Черты ее лица были тонкие и благородные; это было одно из тех лиц, которые увядают, еще не успев постареть, поблекнуть от усталости или от великих страстей.
Какой у нее прелестный рот! И какие прелестные зубки! Но я бы сказал, что улыбаться она не смеет.
И тут я сравнил ее с г-жой Шанталь. Мадмуазель Перль несомненно была лучше, во сто раз лучше, тоньше, благороднее, величавее.

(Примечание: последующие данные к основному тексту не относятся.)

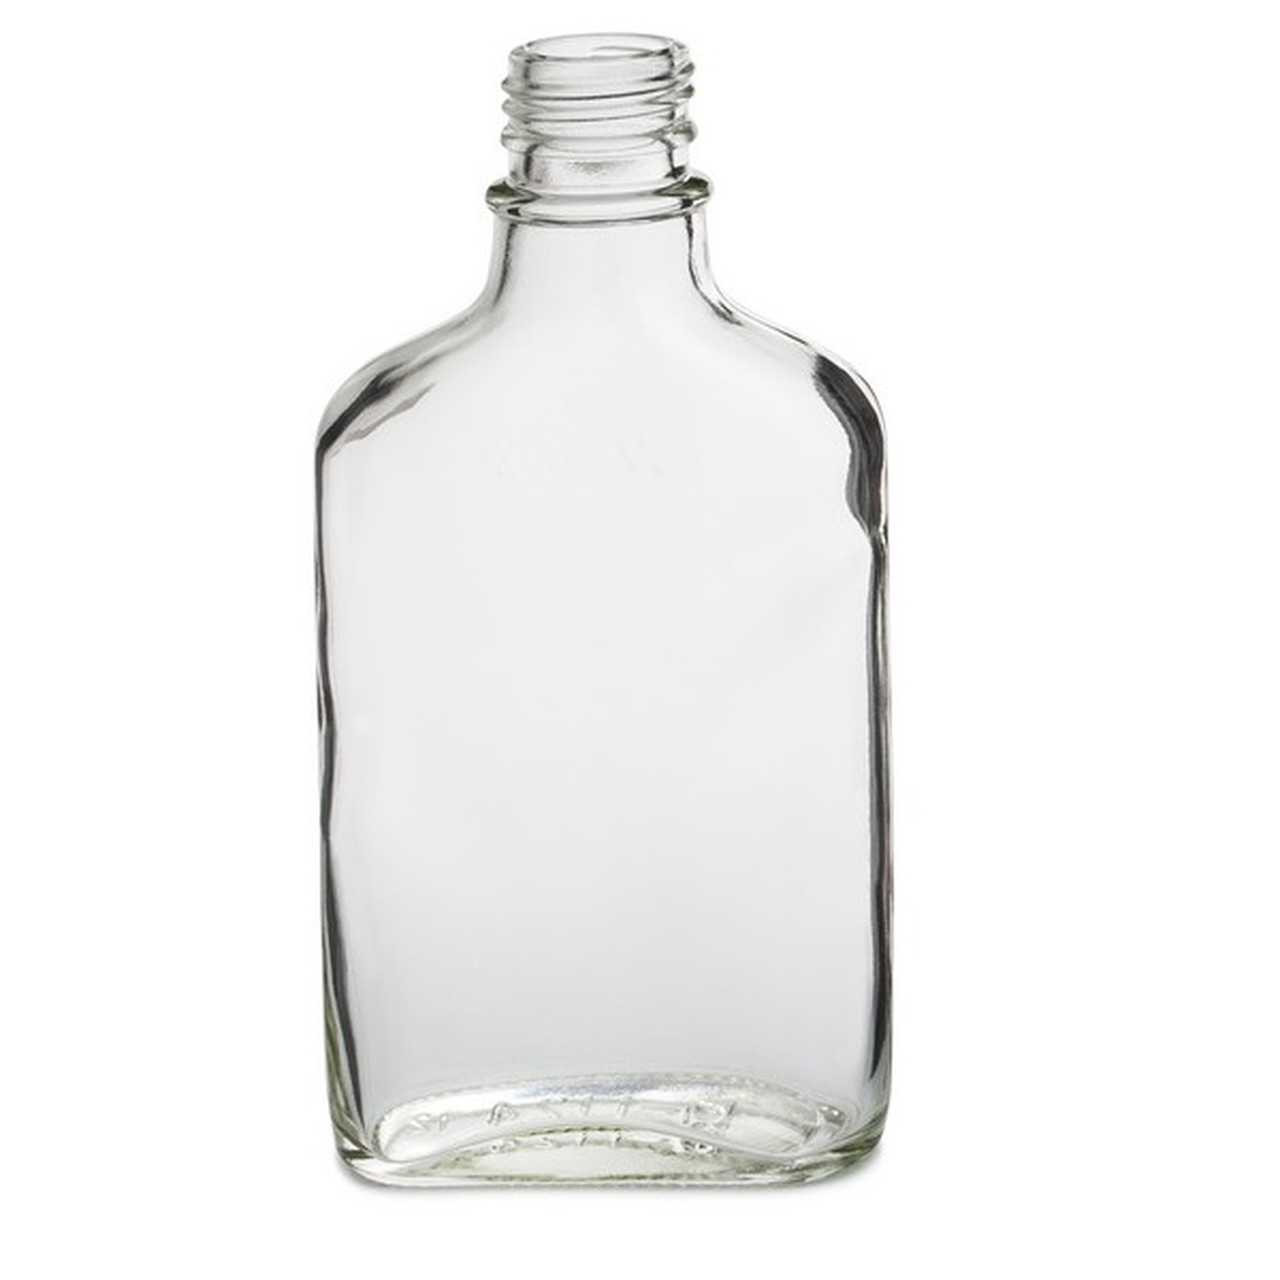 https://cdn11.bigcommerce.com/s-1ybtx/images/stencil/1280x1280/products/1226/6578/375-ml-Flask-Glass-Bottle-with-Tamper-Evident-Cap_3952__39695.1699988985.jpg?c=2?imbypass=on
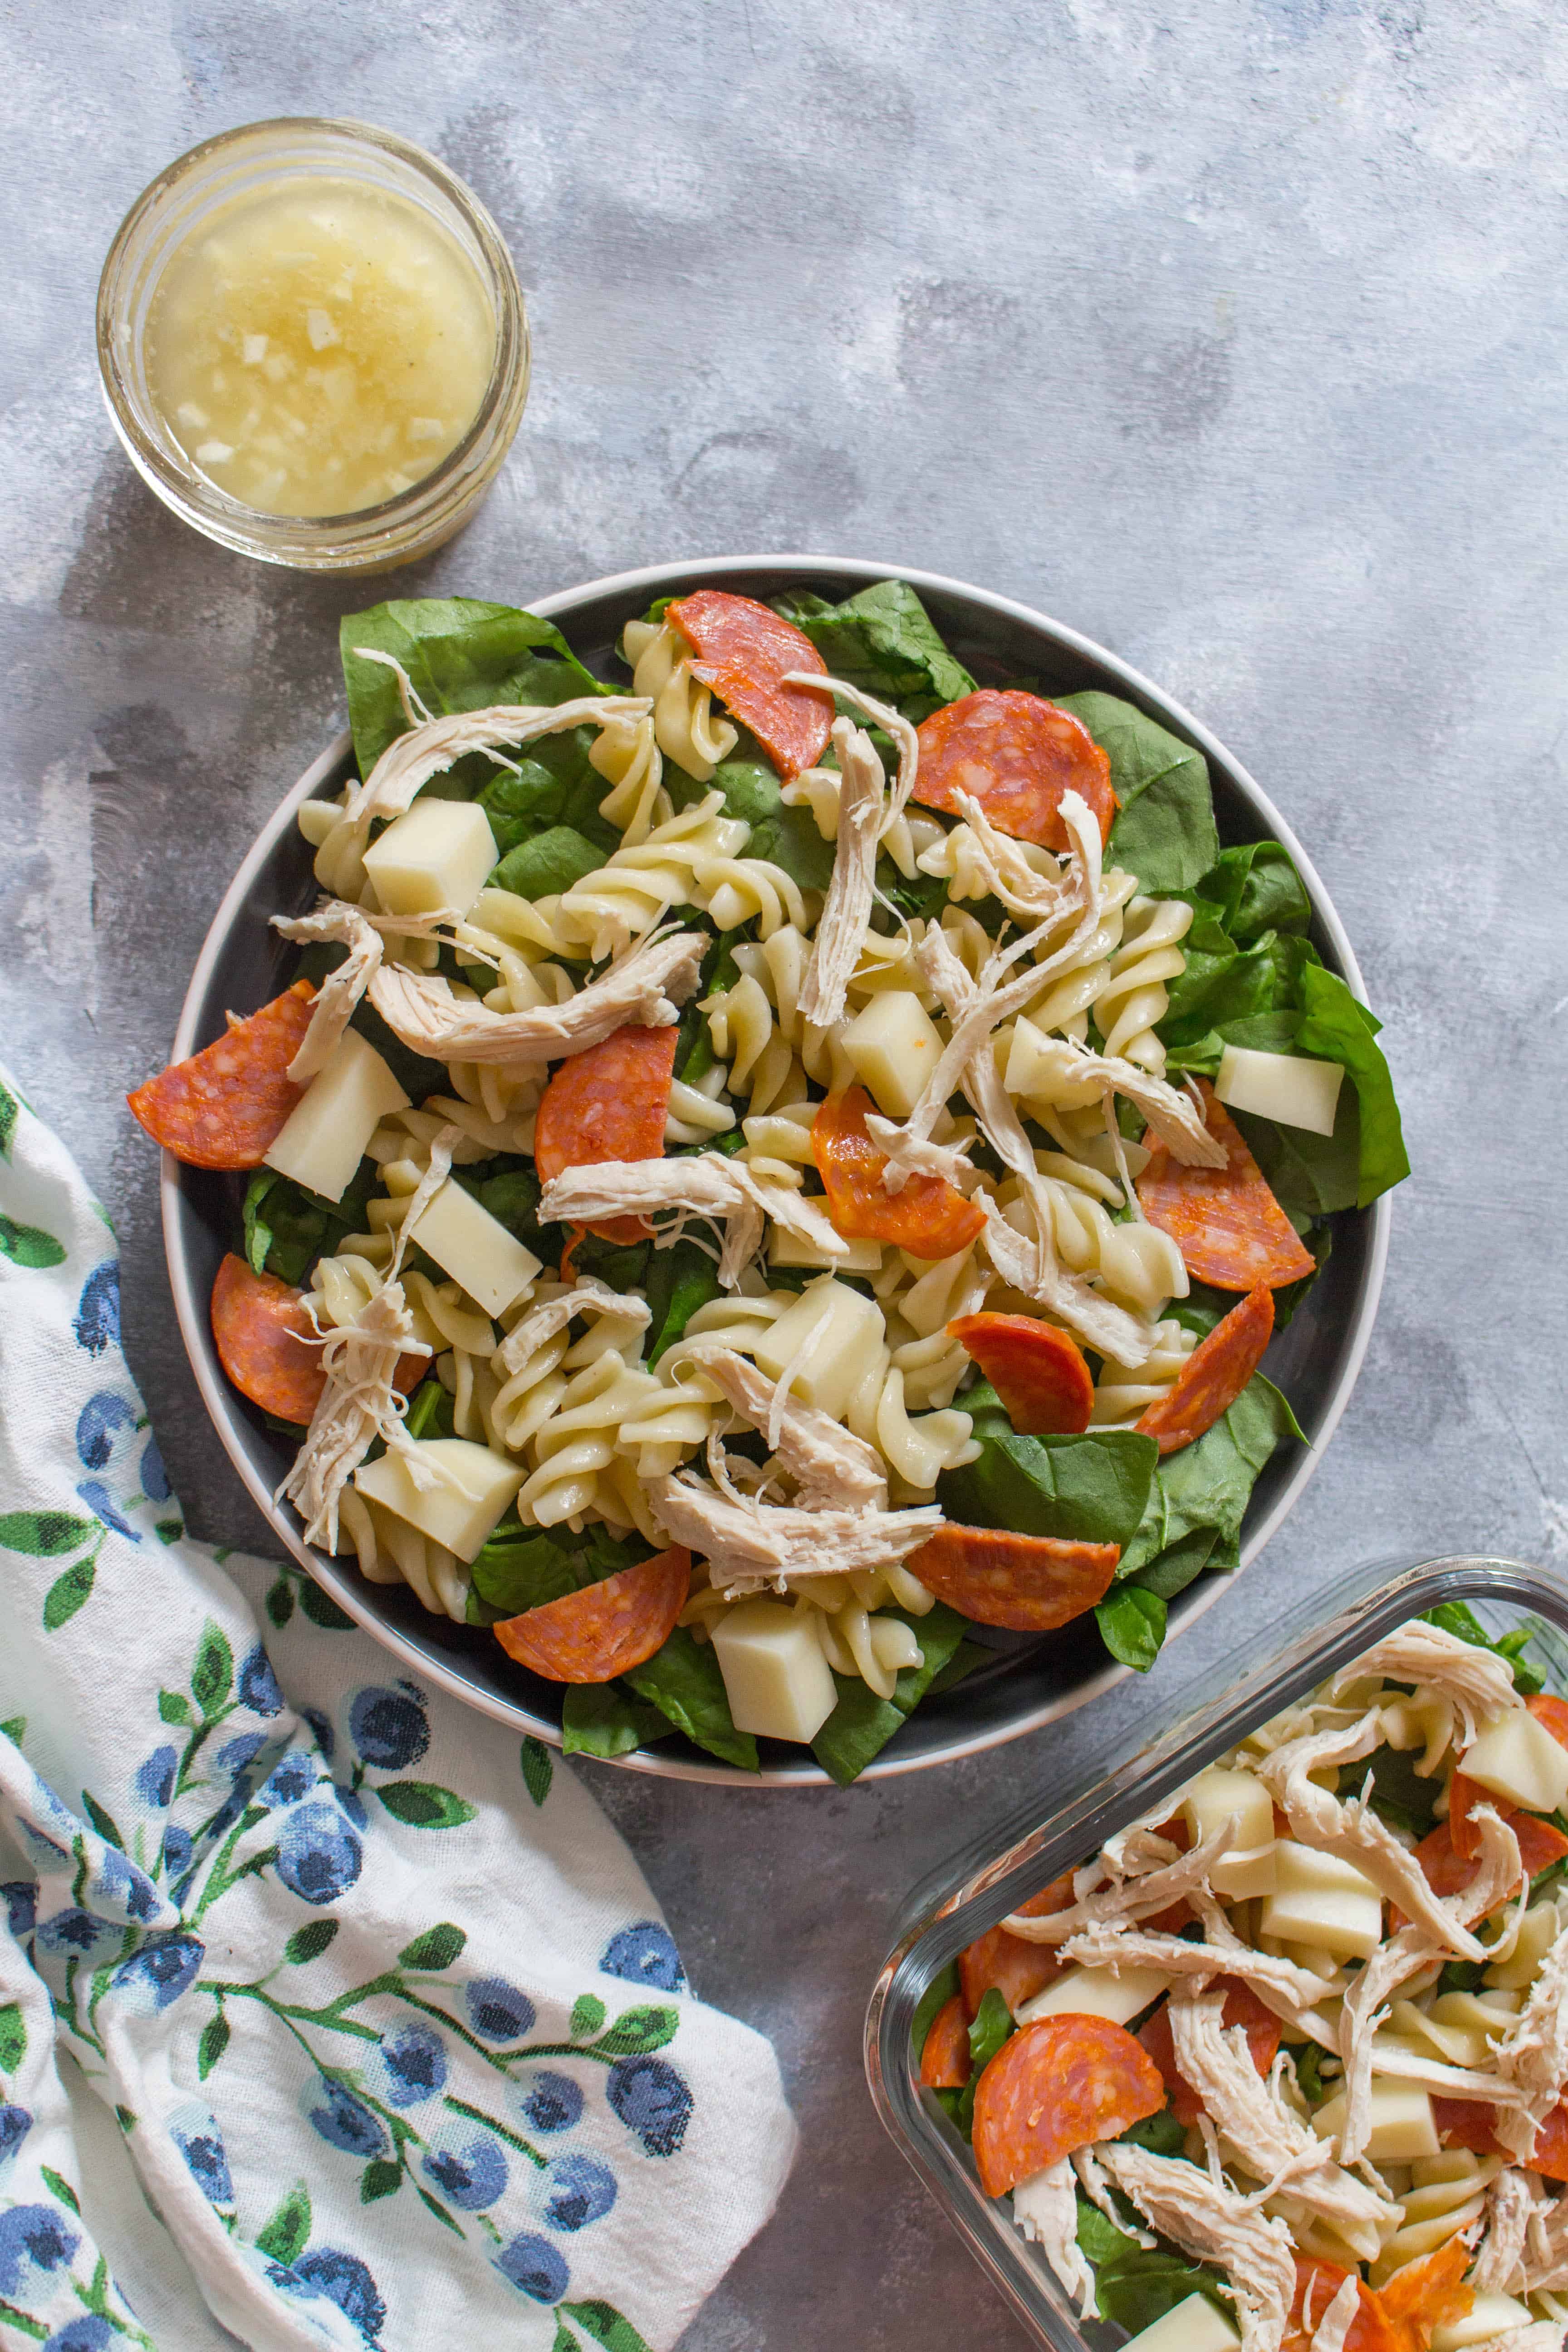 Perfect for hot summer days, this easy chicken pepperoni pasta salad is just what you need! Plus, this pasta salad is great for meal preps if you have don't have access to a microwave.

Эти наблюдения поразили меня.
Разлили шампанское. Протянув руку с бокалом в сторону королевы, я провозгласил тост за ее здоровье и ввернул какой-то удачный комплимент. Ей хотелось — я заметил это — закрыть лицо салфеткой; когда же она пригубила золотистое вино, все закричали: «Королева пьет! Королева пьет!» И тут она покраснела и поперхнулась. Все засмеялись; но я прекрасно видел, что в этом доме ее очень любят.
III
Как только обед кончился, Шанталь взял меня под руку. Это были священные мгновенья — мгновенья, когда он выкуривал сигару. Если он был один, он выходил курить на улицу; если же к обеду кто-нибудь приходил, он шел в биллиардную и курил за партией. В этот вечер ради праздника в биллиардной даже затопили; мой старый друг взял свой кий, тонкий-тонкий кий, который он тщательно натер мелом, и сказал:
— Тебе начинать, мой мальчик!
Надо заметить, что он говорил мне «ты»: несмотря на мои двадцать пять лет, он все еще смотрел на меня как на ребенка.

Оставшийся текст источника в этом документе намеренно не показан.